Page 30 of The Golden Age


  There were more minutes of silence. Phaethon’s face grew sadder and more grim as he absorbed the enormity of the falsehood that had baffled him, the tremendous reaches of time, the happiness of his memory, the glory of the achievement he had lost.

  Eventually he said, “I asked you once if I were happier before, if restoring these memories would make me better.”

  Rhadamanthus said, “I implied that you would be less happy, but that you would be a better man.”

  Phaethon shook his head. Anger and grief still gnawed at him. He certainly did not feel like a better man.

  Then, in reaction to the gesture he had made long ago, one of the system mirrors aboard the Phoenix Exultant came to life. The mirror surface was dim and caked with droppings from undeconstructed nanomachines. Contact points in the mirror flickered toward the image of Phaethon, a thousand pinpoints of light.

  He felt a moment of surprised recognition. But of course! It was in his armor. The command circuits on the bridge of the ship were trying to open a thousand channels into the corresponding points in his golden armor.

  That was what all the complex circuitry in his armor had been for. Here was a ship larger than a space colony, as intricate as several metropoli, webbed with brain upon brain and circuit upon circuit. She was like a little miniature seed of the Golden Oecumene itself. The bridge (and the bridge crew) of the Phoenix Exultant was not actually in the bridge, it was in the armor; the armor of Phaethon, whose unthinkably complex hierarchy of controls were meant to govern the billions of energy flows, measurements, discharges, tensions, and subroutines that would make up the daily routine of the great ship.

  Phaethon, despite himself, smiled with pride. It was a wonderful piece of engineering.

  That smile faltered when a status board at the arm of the captain’s chair lit up to reveal the pain and damage to the ship. Other mirrors lit to show the nearby objects in space.

  The dismantling had not gone far; the slabs of super metal were still stored in warehouse tugs orbiting Mercury Equilateral, not far away, waiting transshipment. The ship intelligences were off-line or had never been installed. Near the ship, robot cranes and tugs from the Mercury Station hung, mites near a behemoth, motionless. The status board showed that the rest-mass was low: nearly half the antihydrogen fuel had been unloaded.

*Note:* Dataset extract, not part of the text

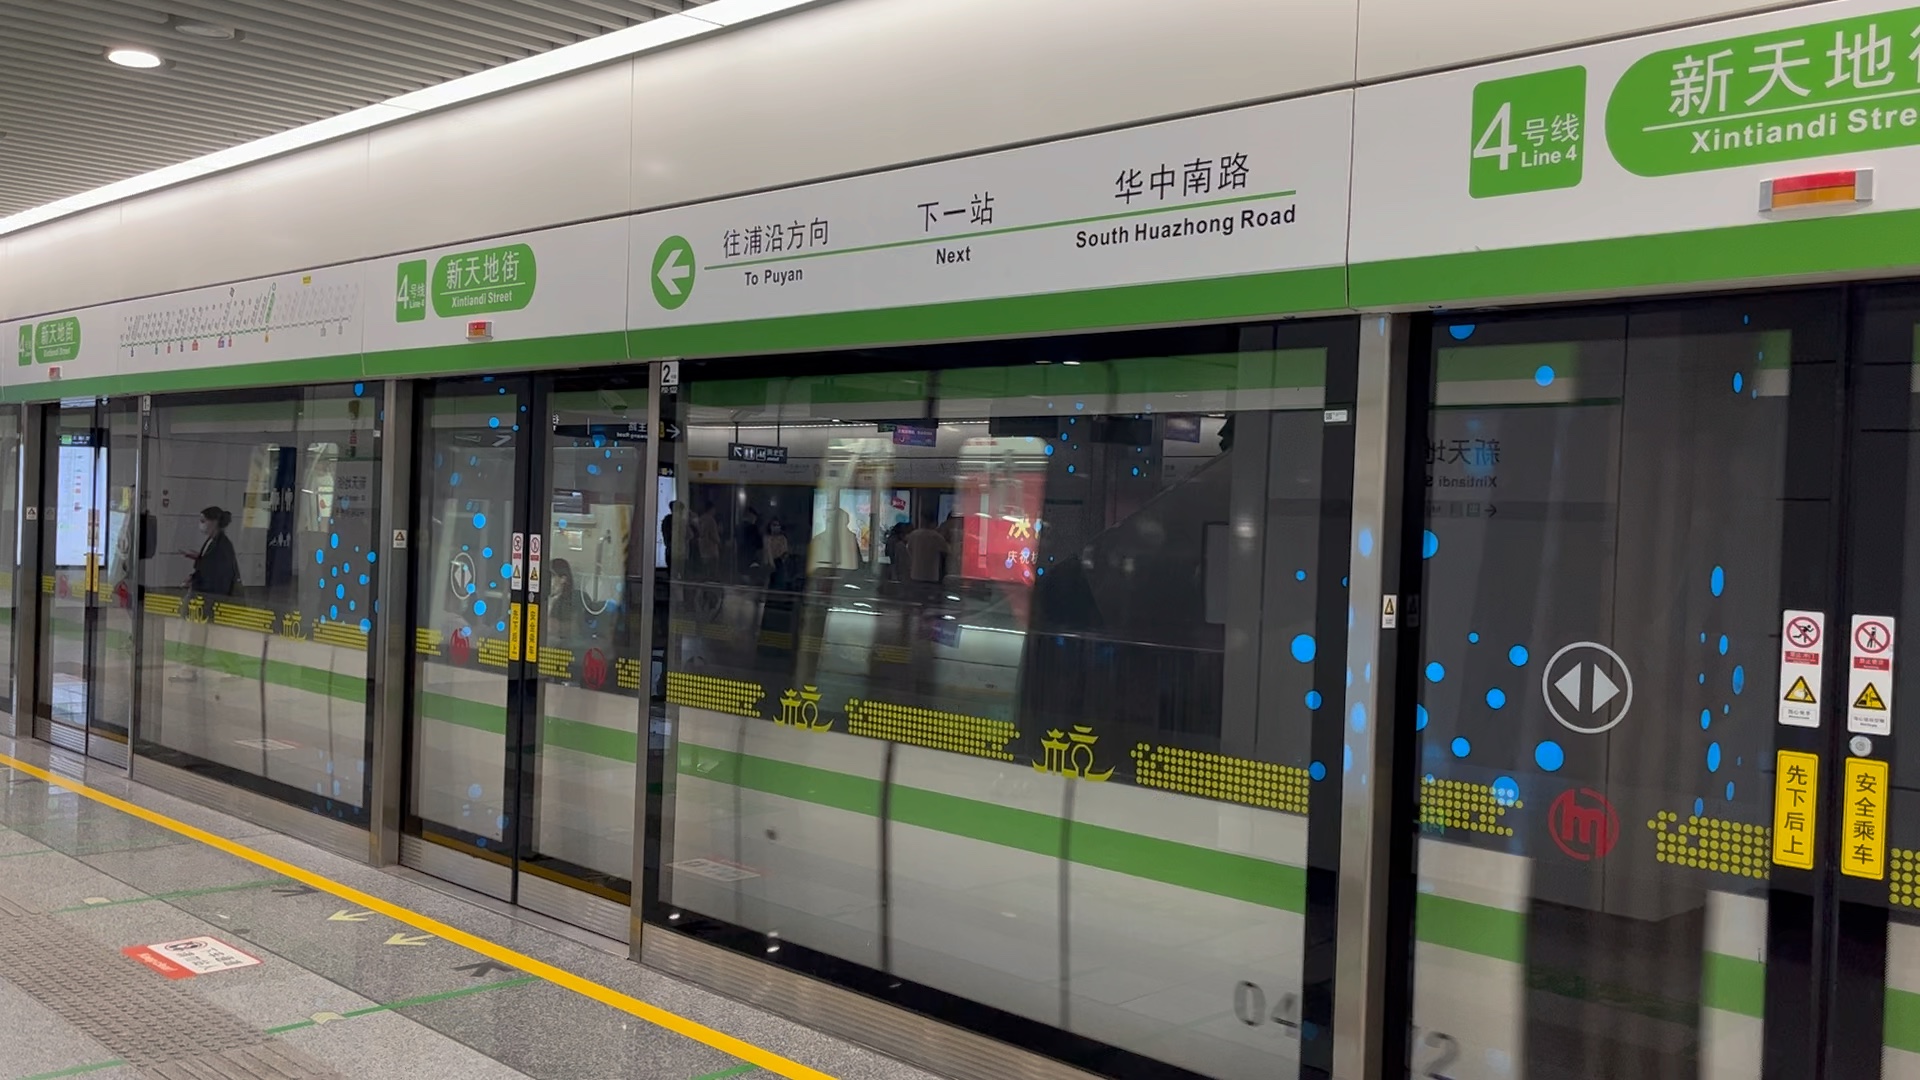 【杭州地铁4号线】新天地街站列车出站

  The amount of fuel left, nonetheless, was still staggering. The living area of the ship, while as large as a space colony, occupied less than one-tenth of one percent of the ship’s mass. The Phoenix Exultant was a volume, over three hundred thousand cubic meters of internal space, packed nearly solid with the most lightweight and powerful fuel human science had yet devised. While it was true that the mass of the ship was titanic, it was also true that the fuel-mass-to-payload ratio was inconceivable. Every second of thrust could easily consume as much energy as large cities used in a year. But that was the energy needed to reach near-light-speed velocities.

  “You’ve been selling my fuel.” Phaethon hated the sound of pain and loss in his own voice.

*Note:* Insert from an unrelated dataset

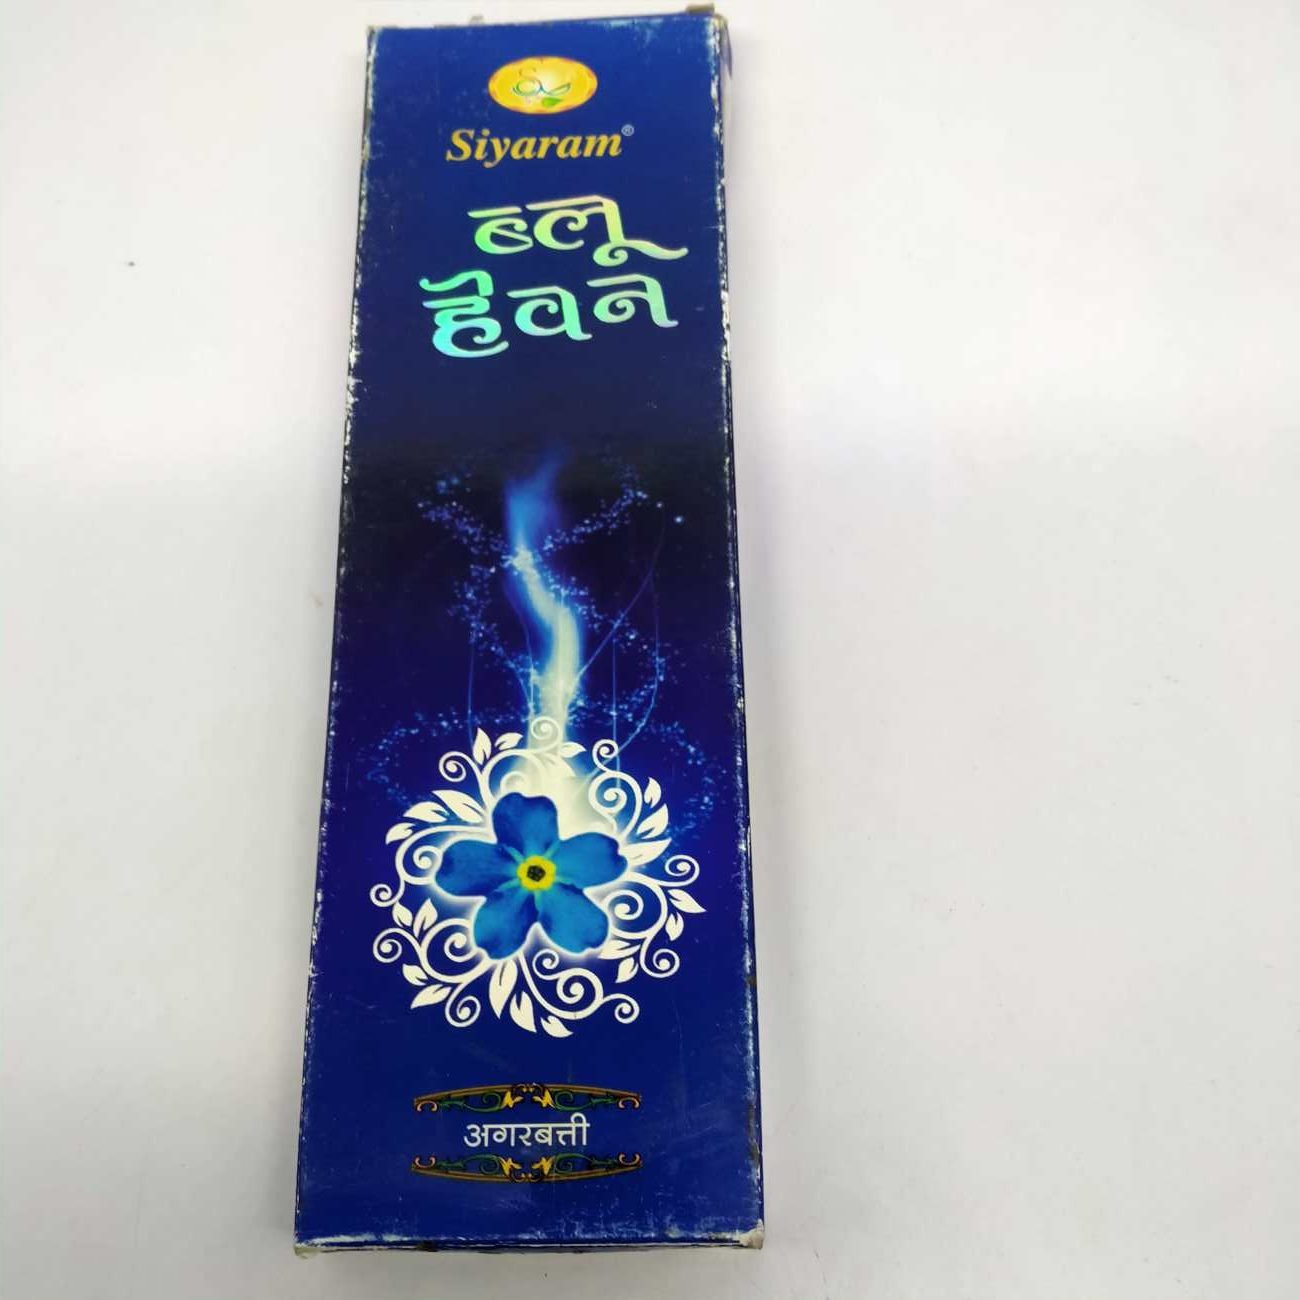 Siyaram Blue Heaven Aggarbati, 45 grams

  “It is no longer yours, young sir. The Phoenix Exultant is now in receivership, held by the Bankruptcy Court. But your Agreement at Lakshmi suspended the proceedings. You destroyed your memory of the ship in order to prevent further dismantling. Now that your memories are back, your creditors will take her, I’m afraid.”

  “You mean I don’t have a wife, or a father … or … or my ship? Nothing? I have nothing?”

  A pause.

  “I’m very sorry, sir.”

  There was a long moment of silence. Phaethon felt as if he could not breathe. It was as if the lid of a tomb had closed down not just over him but over the entire universe, over every place, no matter how far he fled, he ever could go. He imagined a suffocating darkness, as wide as the sky, as if every star had been snuffed, and the sun had turned into a singularity, absorbing all light into absolute nothingness.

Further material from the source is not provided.